Friday, 7 March 2014

Narrative illusion

Crows in a treeWitness X was sitting in a stuffy hotel room with the window, which looked out over a busy street, open. Suddenly, he heard the sound of screeching car brakes from outside. This was followed a second later by a loud bang. Startled, he went to the window but could see nothing amiss. He concluded that the vehicle collision, that must have occurred, had happened out of sight in a nearby side street.

This incident is fictitious but it could easily happen and probably has. The loud bang was actually caused by a large waste bin being accidentally knocked over by a pedestrian. No car was involved. The screeching brakes and the bang were not in any way connected. However, it easy to see why Witness X came to the conclusion that he did. We have all heard screeching brakes and anticipated a bang.

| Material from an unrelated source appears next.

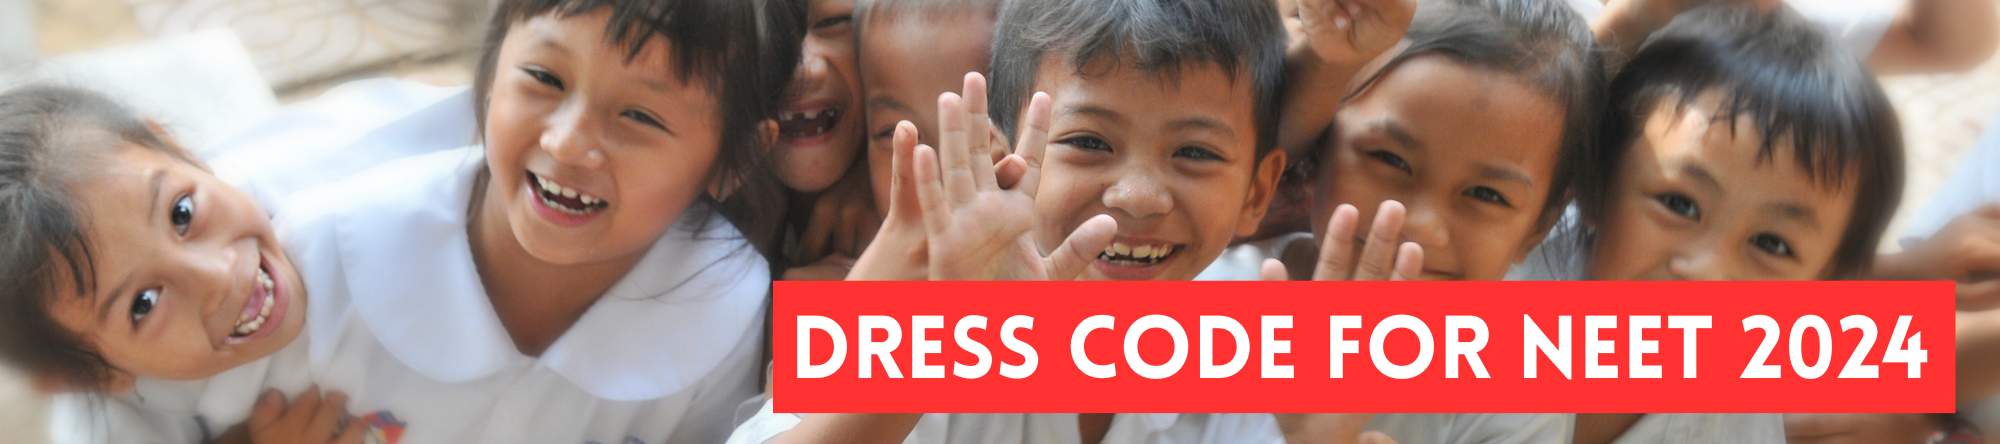 Dress Code for NEET 2024

What this example demonstrates is how unconnected coincidental events can become connected in a witness's mind. I'm sure there is a proper scientific name for this kind if thing but, so far, I've been unable to find it. So, for my own convenience, I'm calling the phenomenon 'narrative illusion'. It means that the witness has a narrative in their head to explain what they've experienced when, in reality, things happened rather differently. I think this sort of effect crops up in paranormal reports.

Here's a real example (from 3 Sep 2009): Walking along a street today, I noticed a woman in a red coat ahead of me on the pavement. A few moments later, I noticed she'd vanished. I was surprised because there aren't many places to hide in that street! I looked along various side streets but there was no sign of her. Had I really seen a ghost? Then I noticed a similar woman walking away along one of the side streets. But she wasn't wearing a red coat. That's because she was carrying it! It was clearly the same woman who had, while I wasn't watching, taken her coat off.

The 'narrative' in my head in this example is that someone walking along a road does just that. They don't generally stop to take their coat off. Except, of course, that just occasionally they do. I could easily have concluded that the woman had simply vanished because she was a ghost. And that is another narrative - that ghosts are in the habit of disappearing.

The point is this. Never assume that a series of events in a witness's experience all point to one obvious conclusion. Investigators should check any obvious 'narrative' in a witness's testimony, especially if it appears rather unlikely or is contradicted by other evidence.